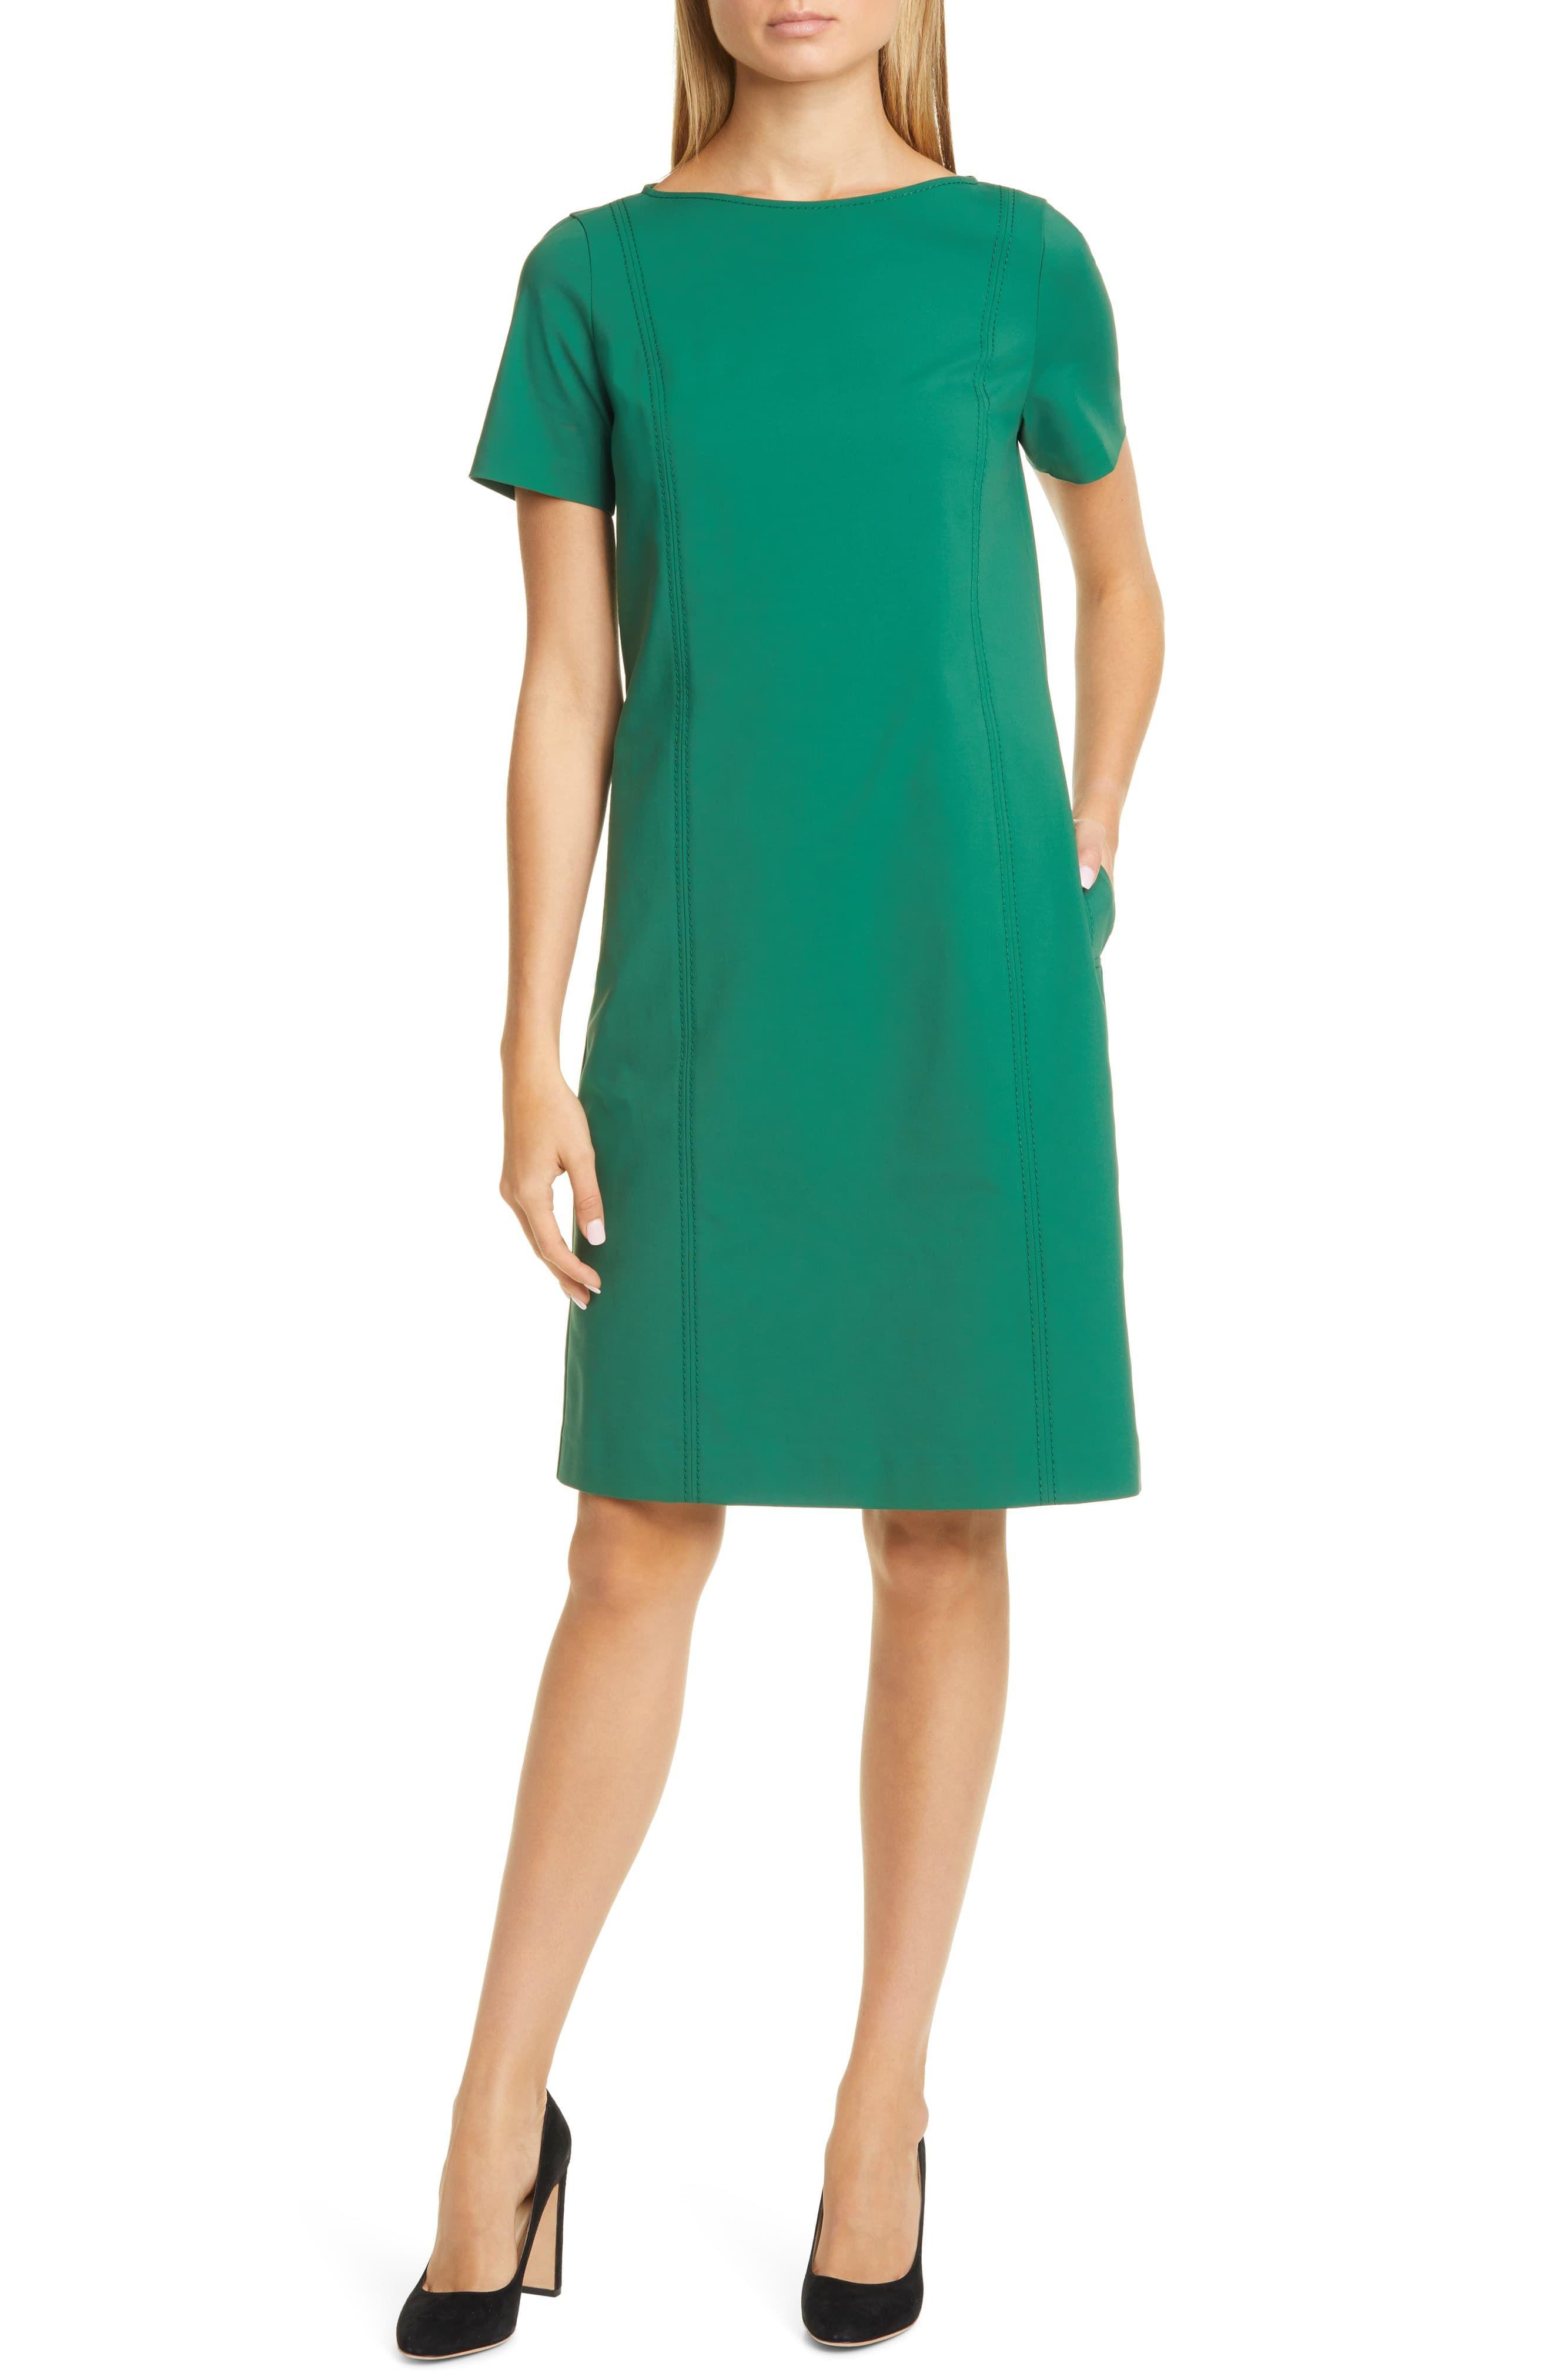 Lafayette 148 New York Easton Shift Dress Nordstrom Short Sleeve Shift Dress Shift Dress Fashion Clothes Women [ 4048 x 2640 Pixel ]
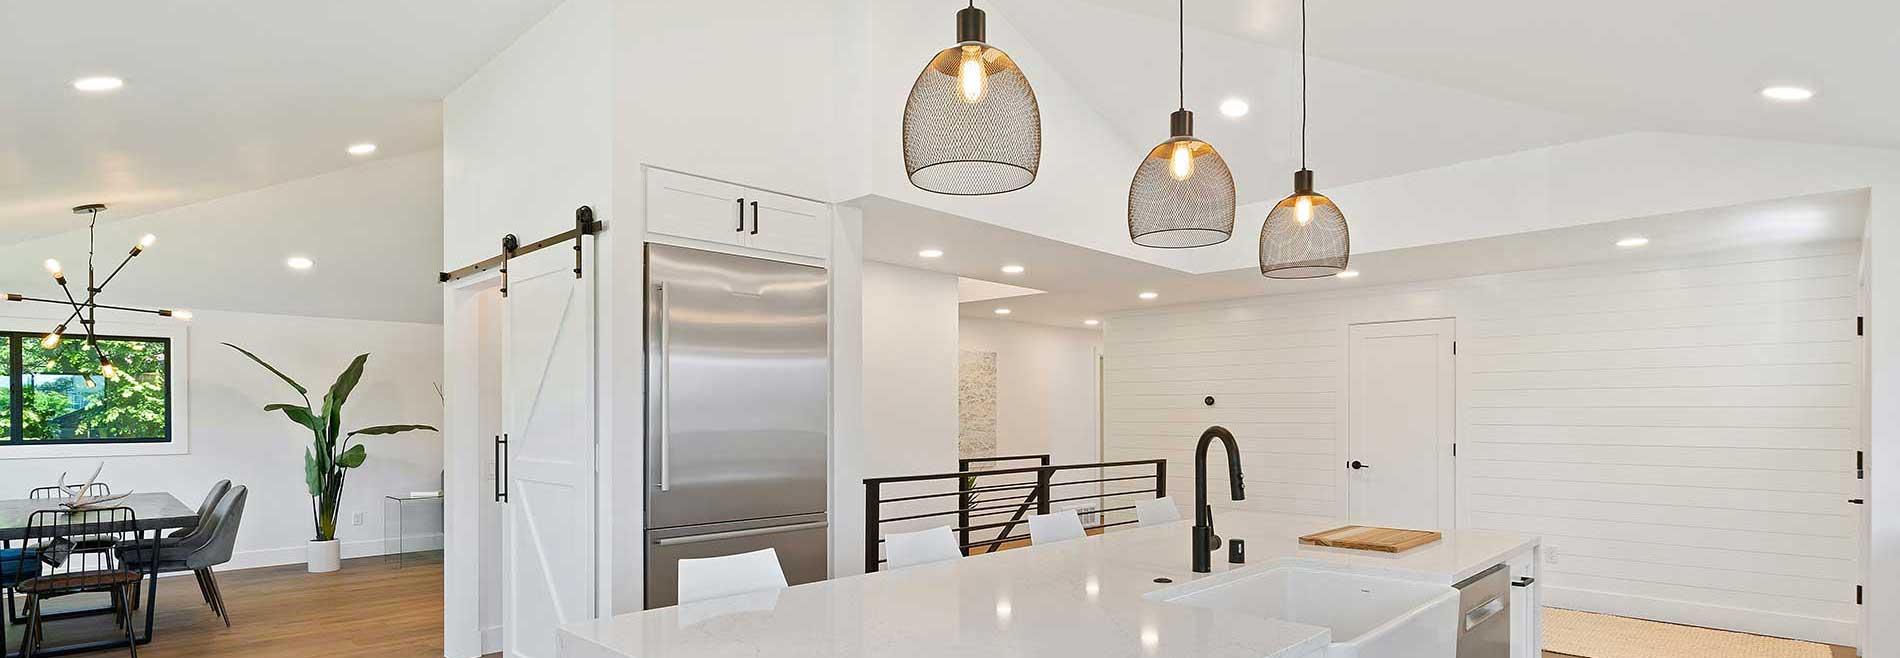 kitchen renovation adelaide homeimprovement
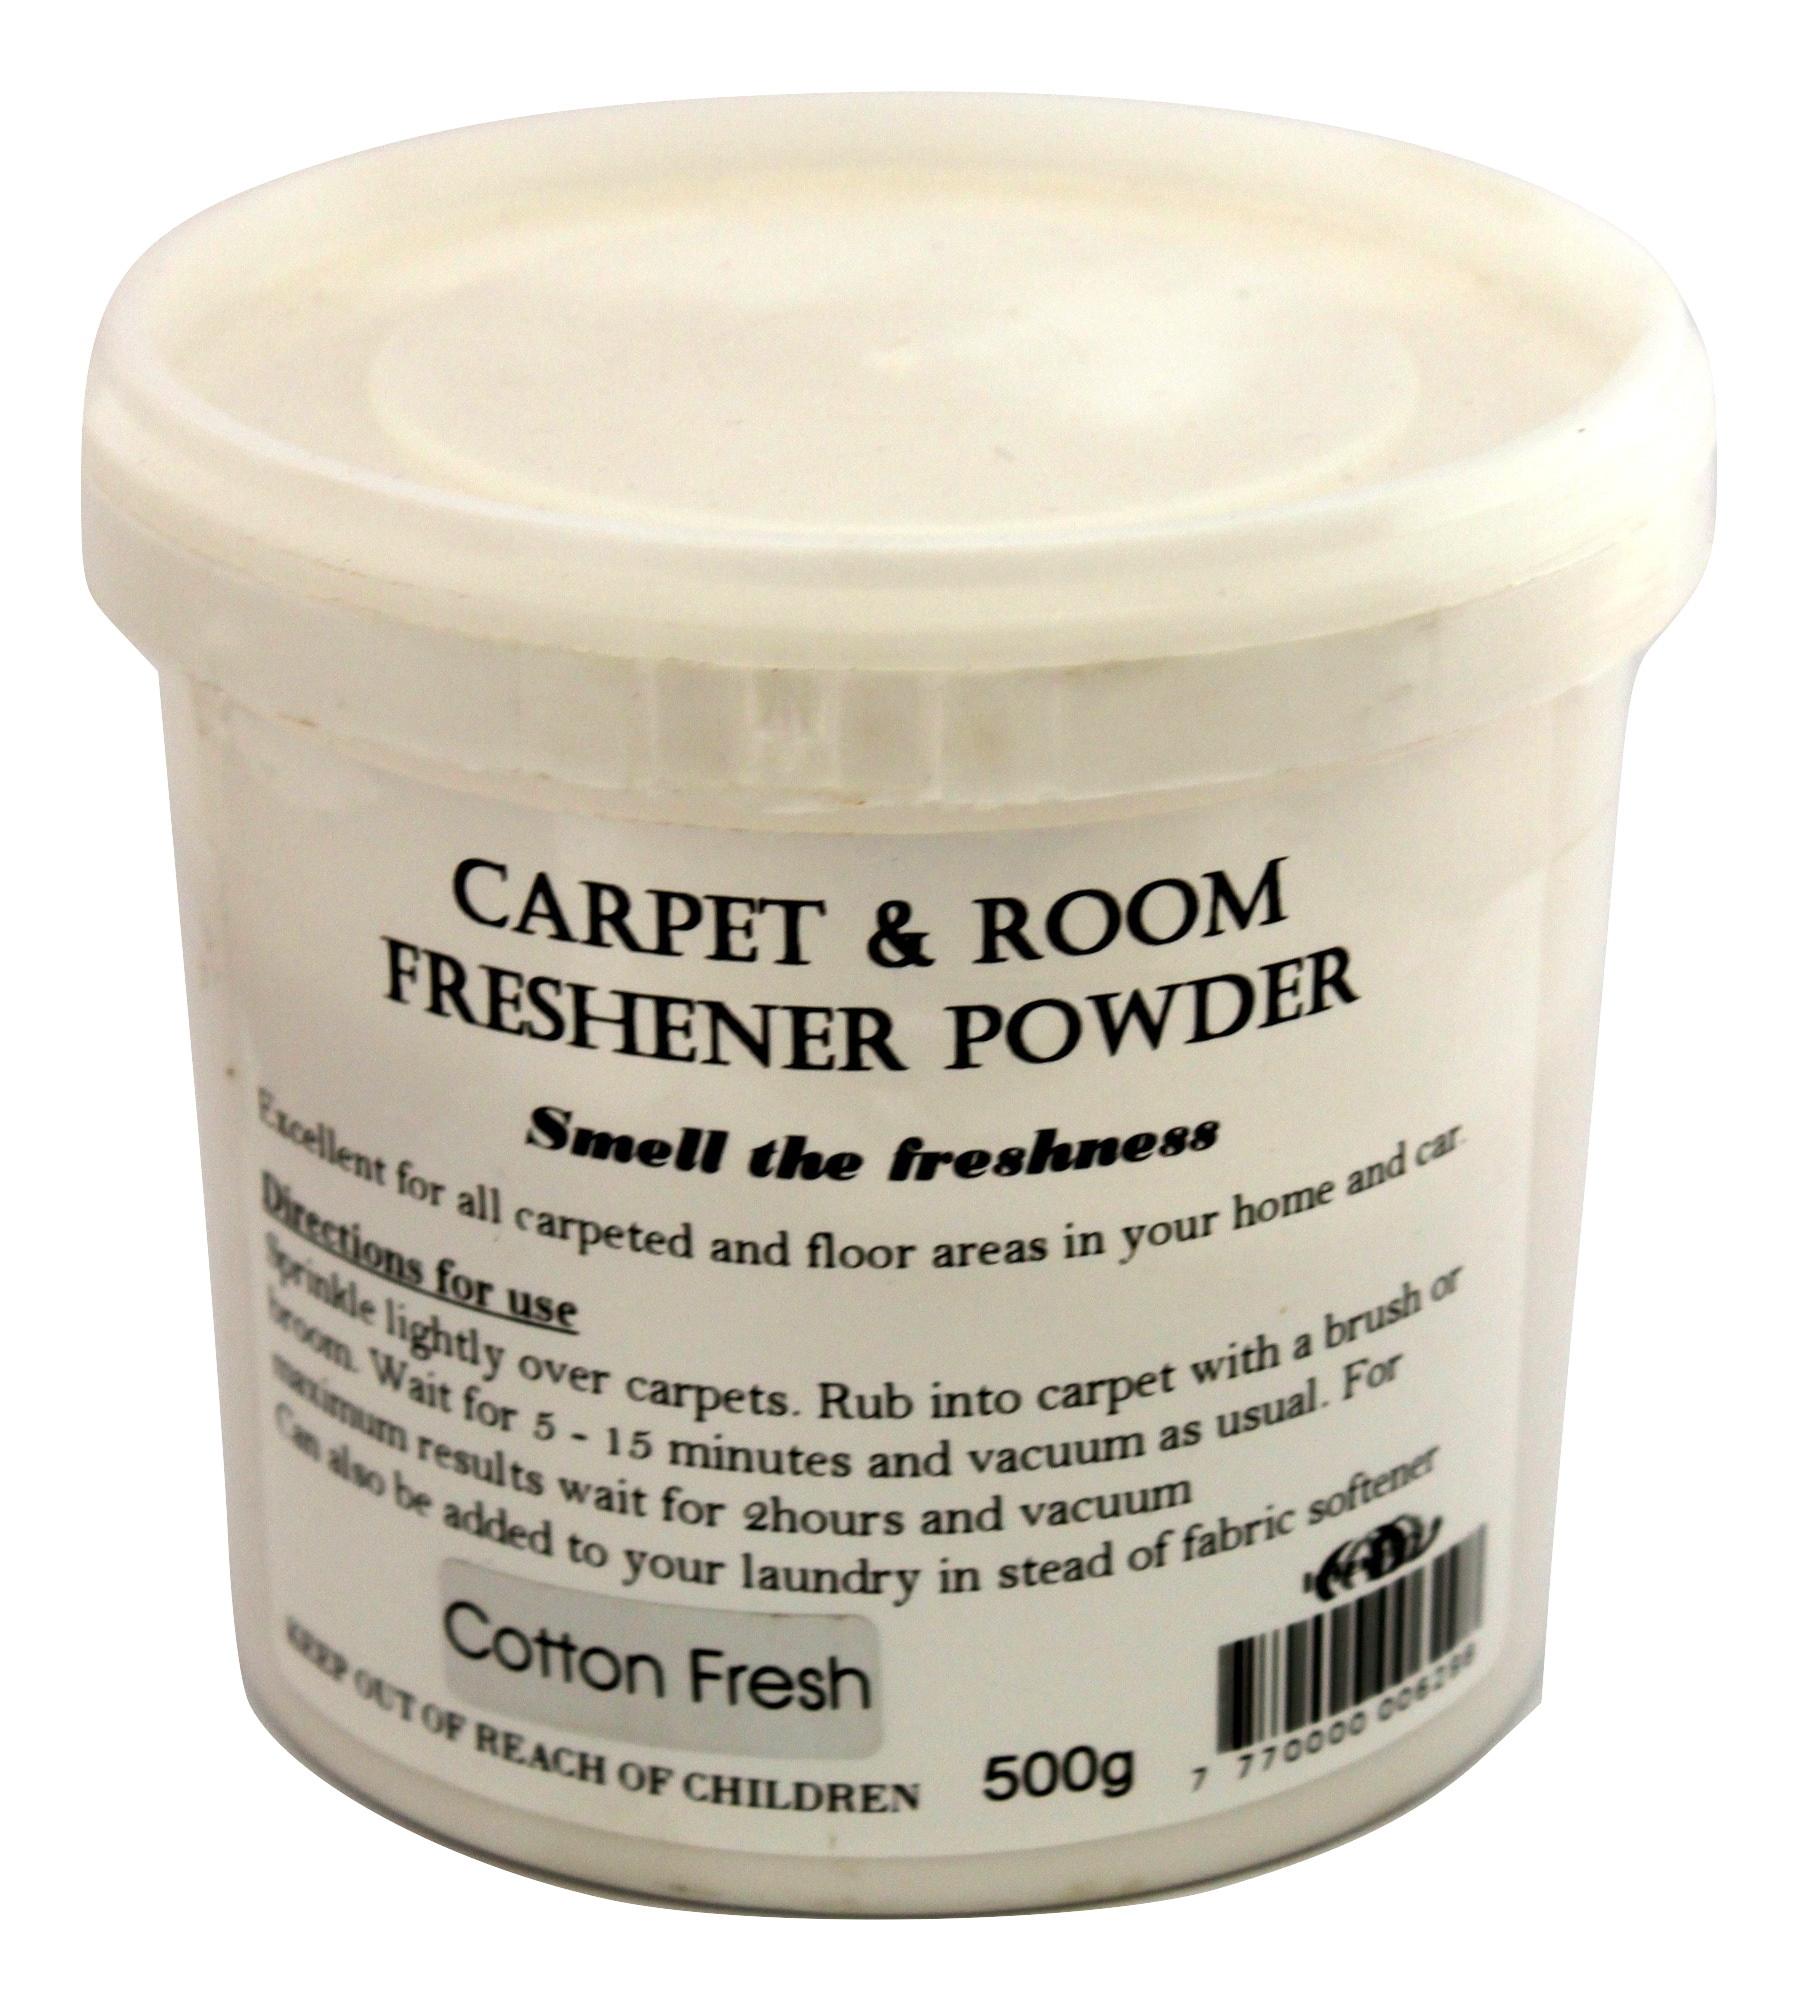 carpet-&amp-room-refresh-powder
_ _ _ _
#### EXERCISE BRIEF:
Copy each line of the listing exactly, skipping any picture.

#### TASK OUTPUT:
 Lafayette 148 New York Easton Shift Dress Nordstrom Short Sleeve Shift Dress Shift Dress Fashion Clothes Women [ 4048 x 2640 Pixel ]
 kitchen renovation adelaide homeimprovement
 carpet-&amp-room-refresh-powder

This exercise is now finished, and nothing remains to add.